TASK BRIEF: Retype the whole listing verbatim and keep the pictures out of it.

DATA EXTRACT:
-----
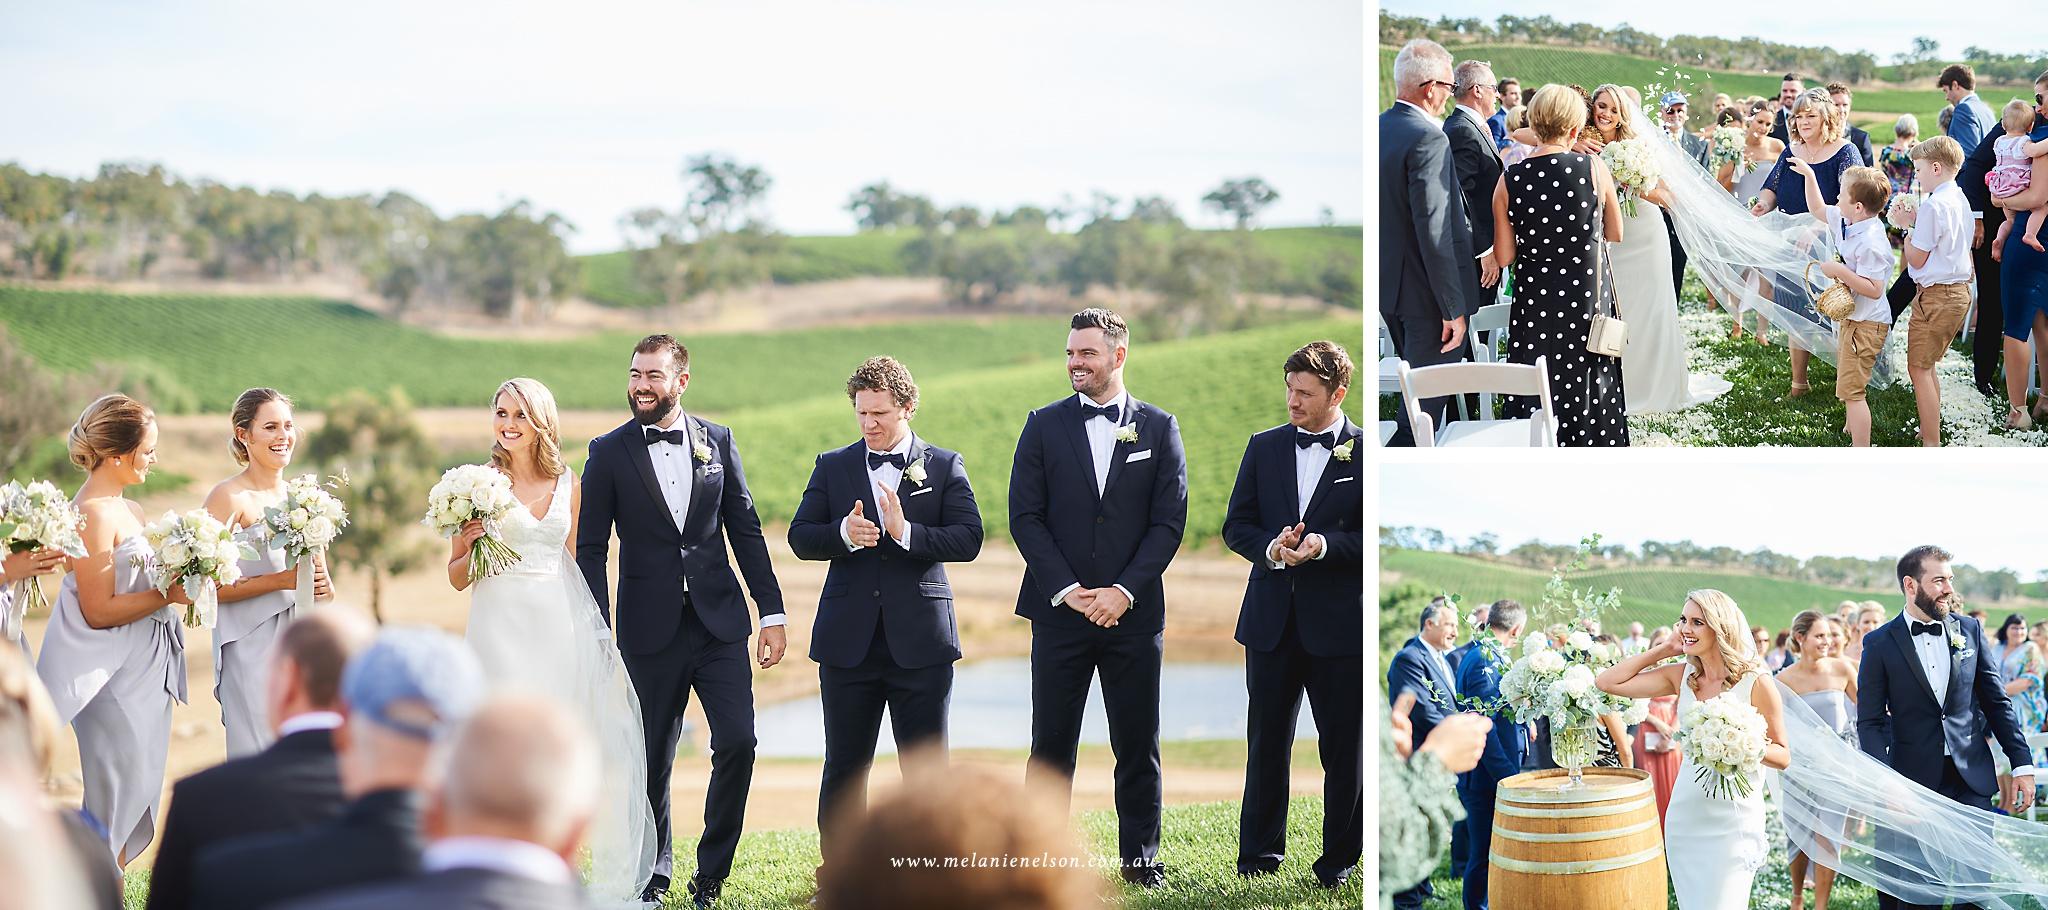 longview_vineyard_wedding_0048.jpg
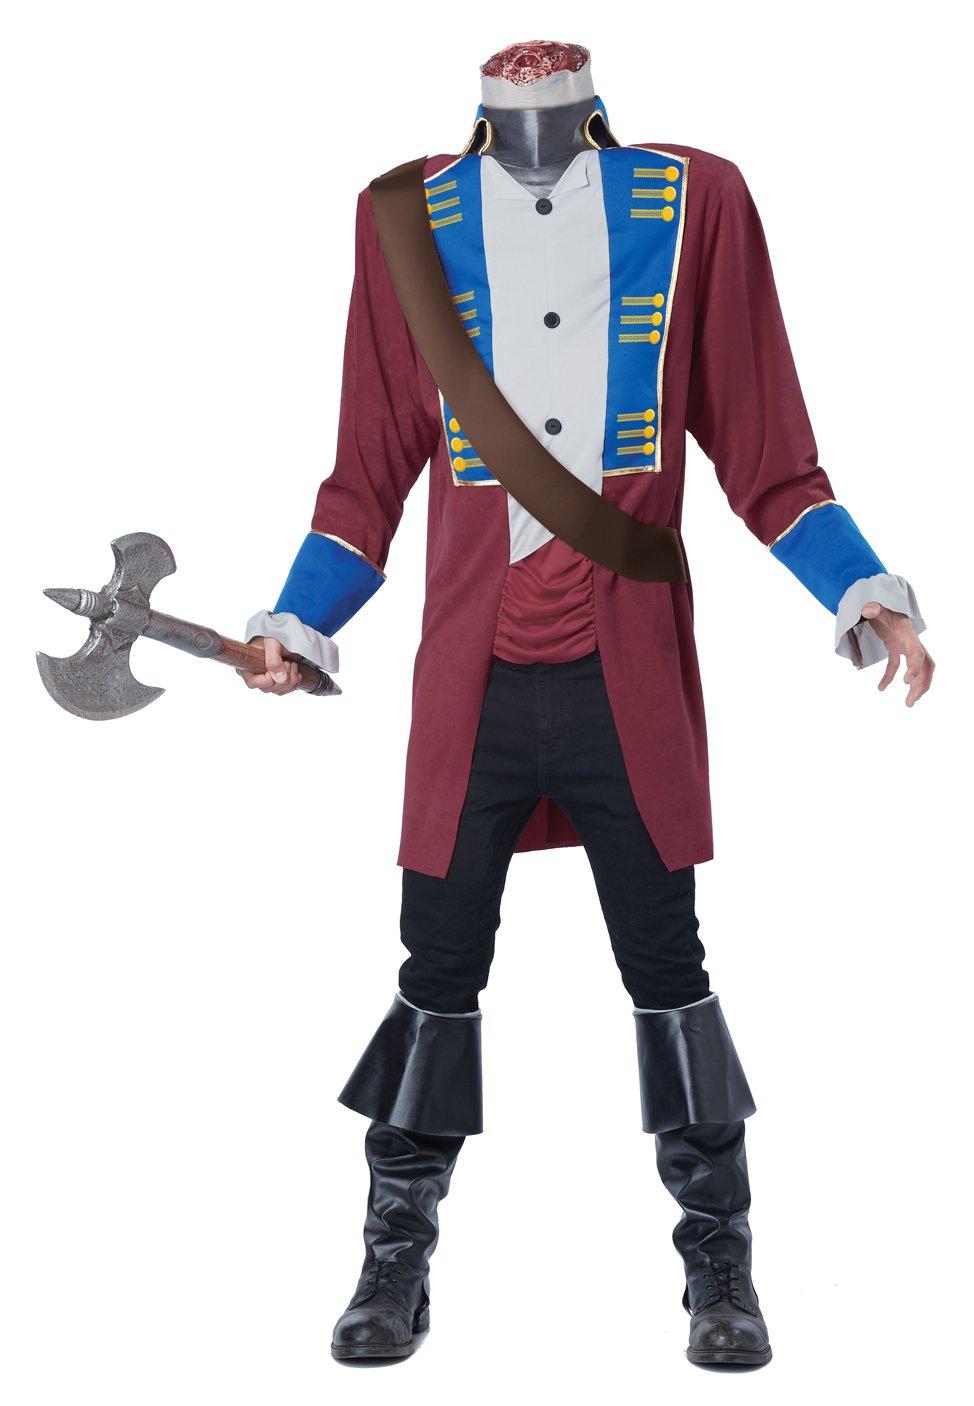 Sleepy Hollow Headless Horseman Adult Costume Size: X-Large #01598
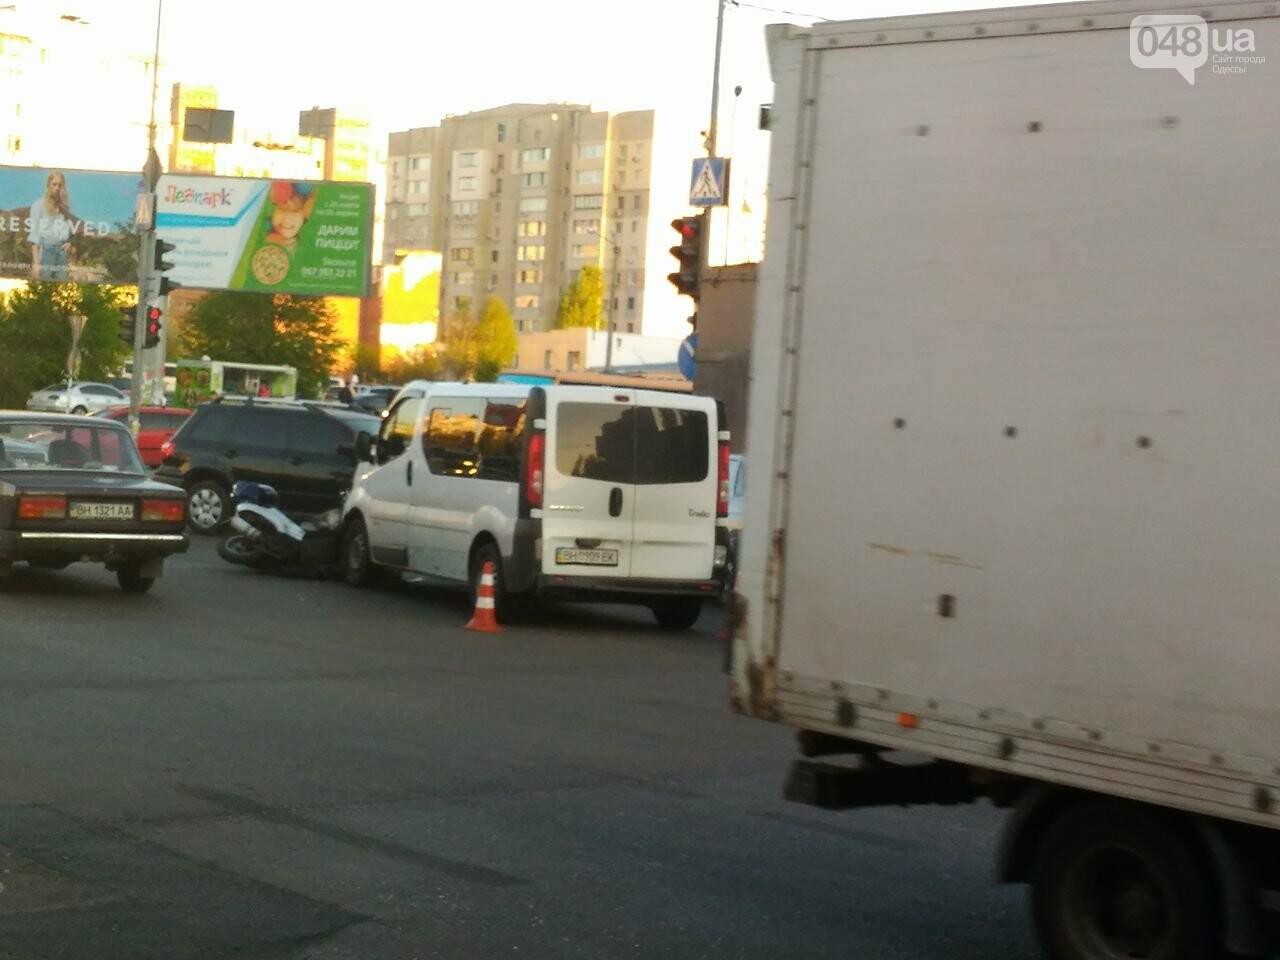 На Котовского одесский мопедист попал под колеса микроавтобуса (ФОТО), фото-2
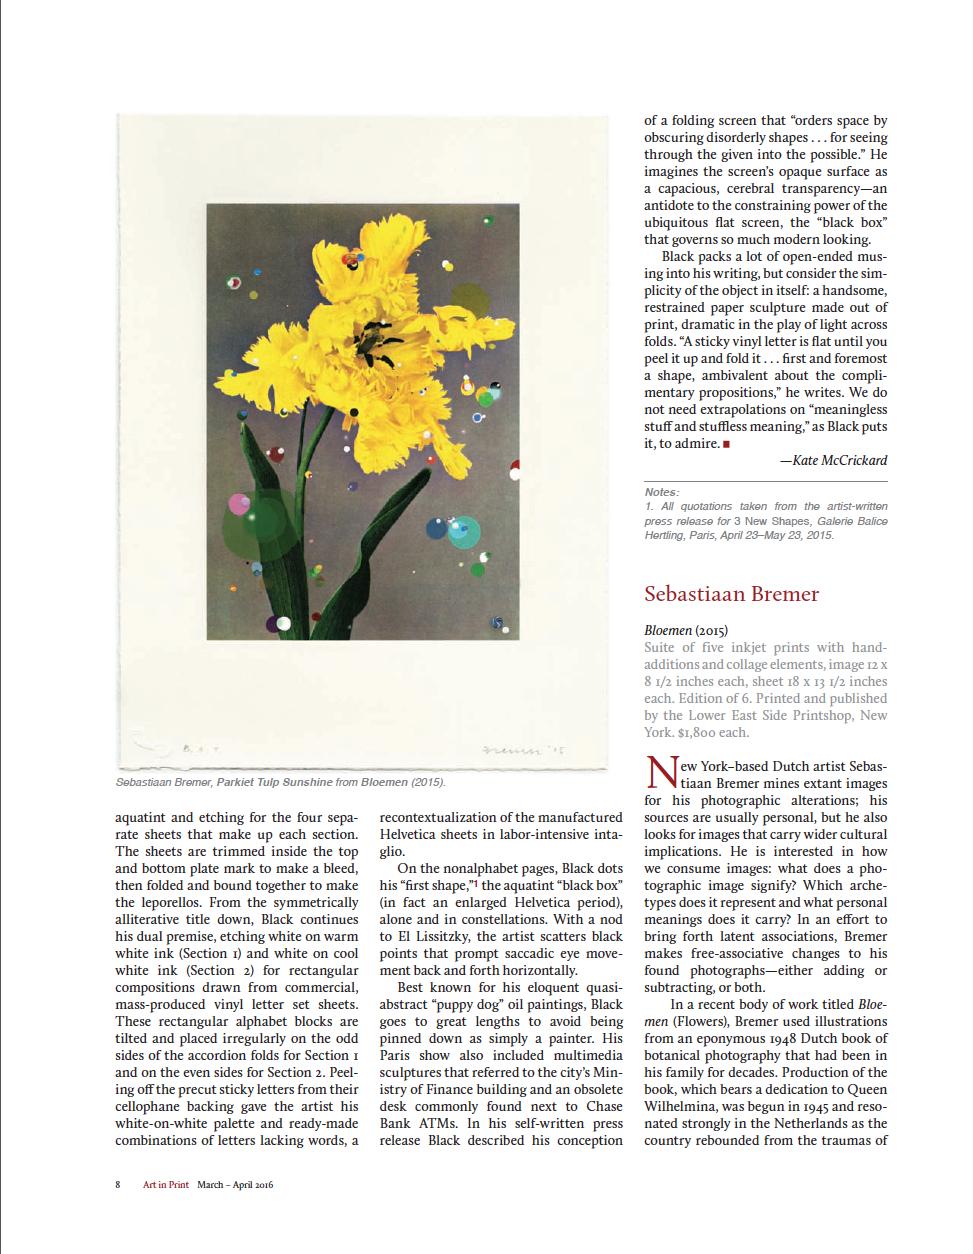 Sebastiaan Bremer in Art in Print - Global Journal of Prints and Ideas, Volume 5, Number 6March - April 2016
-----
REPLY TO THE EXERCISE:
 longview_vineyard_wedding_0048.jpg
 Sleepy Hollow Headless Horseman Adult Costume Size: X-Large #01598
 На Котовского одесский мопедист попал под колеса микроавтобуса (ФОТО), фото-2
 Sebastiaan Bremer in Art in Print - Global Journal of Prints and Ideas, Volume 5, Number 6March - April 2016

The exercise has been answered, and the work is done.